Eduard Pashinyan was a composer who wrote choral works, piano and instrumental pieces. Generations of students brought up by him later became jewels of the Armenian musical art, and his "school" works today not only in Armenia, but also abroad. Konstantin Petrosyan, Svetlana Navasardyan, Lusine Zakaryan, Aram Satyan, Armen Ananyan, Ruzanna Stepanyan, Robert Amirkhanyan, Artashes Kartalyan, David Azaryan, Artur Satyan: this is an incomplete list of Eduard Pashinyan's eminent students, for whom he was not just a prominent scientist and teacher, but a guide to the world of music.
Aram SATYAN, composer, chairman of the Armenian Union of Composers: “It is very important to meet a real teacher, whom you will respect, love, appreciate just at the beginning of the path. Like all Pashinyan's students, I am very lucky in this regard. Eduard Pashinyan had a rare ability to combine severity and goodwill. It made us more responsible. Later, his skills (to some extent) "by inheritance" passed to us, his students. Pashinyan's students had always stood out: the school and "deportment" were immediately visible. We were much more savvy than our fellow students, because it was simply not possible not to be such, being Pashinyan's students. Even the laziest and, perhaps, not particularly gifted student after a certain time "blossomed" before our eyes, had used to be transformed. ... He liked to repeat: "In the music school they used seven years to explain what you can’t do in music, I’ll teach you what you can. Try, dare!"

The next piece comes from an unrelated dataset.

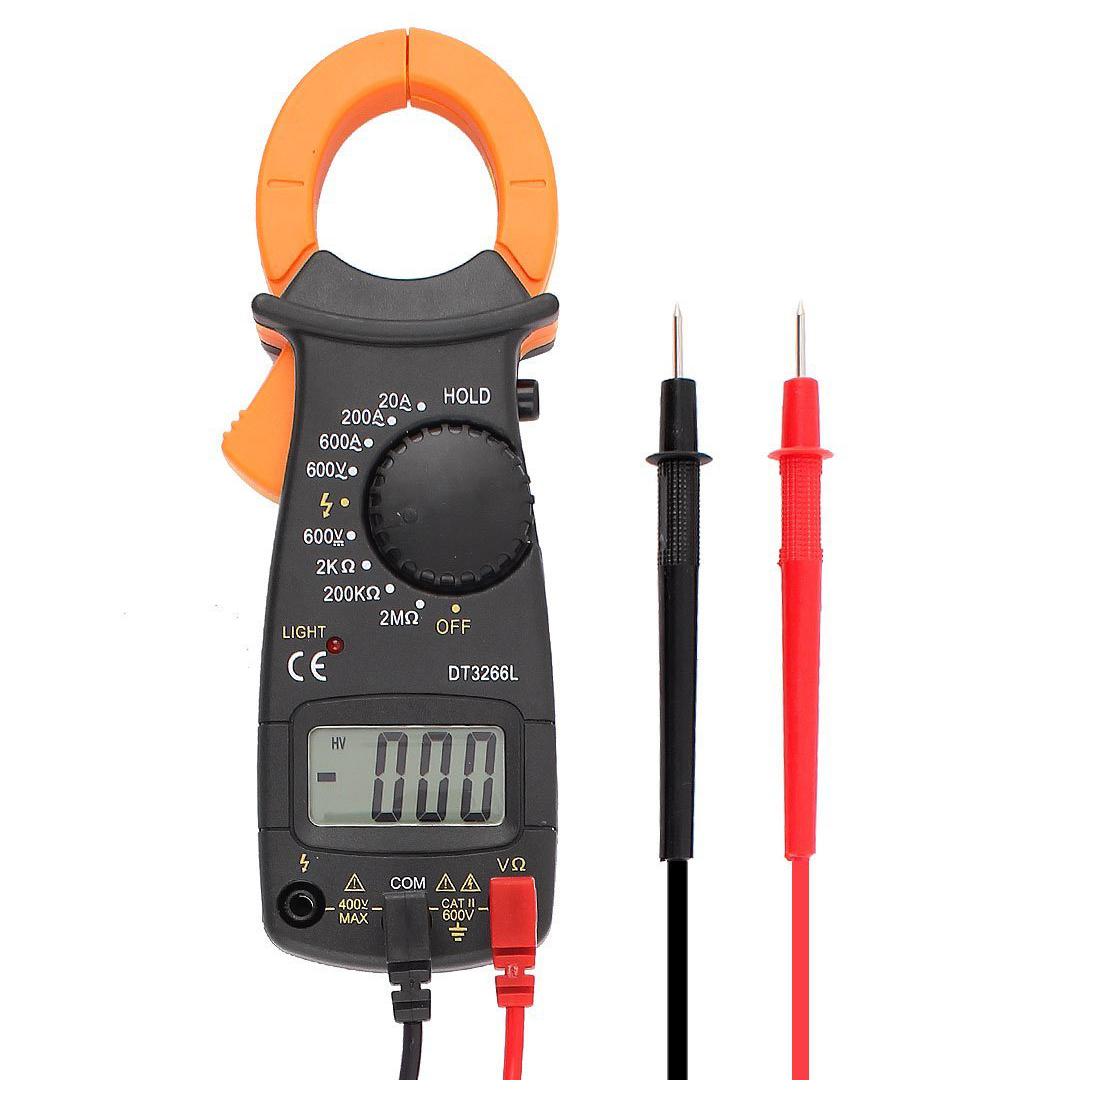 Fie Digital Clamp Meter : Digital clamp meter for v fire protection d ebay

There are many stories associated with his name. “You are a real Armenian singer, in your voice you have power and sorrow, strength and light of the Armenian people. What kind of Svetlana are you? You are real Lusine!” – Eduard Pashinyan once said to his student Svetlana to be later recognized by the world under the name Lusine Zakaryan.
Mikhail KOKZHAEV, composer, professor of the Yerevan State Conservatoire: “The legend, coryphaeus of the Armenian musicology,its part that belongs to the fundamental bases of the musical theoretical science. His contribution to the musical theory, and not only related to the national art, is invaluable: the textbooks of polyphony and harmony created by him are examples of teaching aids for the highest school of music. If we recall that in the world musical pedagogical practice, no more than a dozen of worthy musical harmony and polyphony textbooks have been created in the entire history of formation of the educational process, then Armenia can be proud of the very fact of having such manuals, created by the willpower and talent of the Armenian musicologist.”
Today in the Romanos Melikyan Music School at the entrance to the classroom, where Eduard Pashinyan worked, there is a plate in his honor. The Union of Composers of Armenia, the National Academy of Sciences of the Republic of Armenia and the Yerevan State Conservatoire are planning to hold a scientific conference in September dedicated to the 100th anniversary of this outstanding figure of musical art.
P.S. Volume I of the "Harmony Textbook" was published in 1960, then republished several times,in 1987 in two volumes. In 1998 his last work"Polyphony" was published at the expense of Archbishop Shahe Achemyan. Today, these books are stored in the libraries of various universitiesin a very poor state and in extremely limited quantities. Hopefully, the Eduard Pashinyan's 100th anniversary will finally become an occasion for relevant structures to pay attention to the issue of republishing these works. And then, with a sense of duty done, it will be possible to bow the head and say: "Happy anniversary, Master!"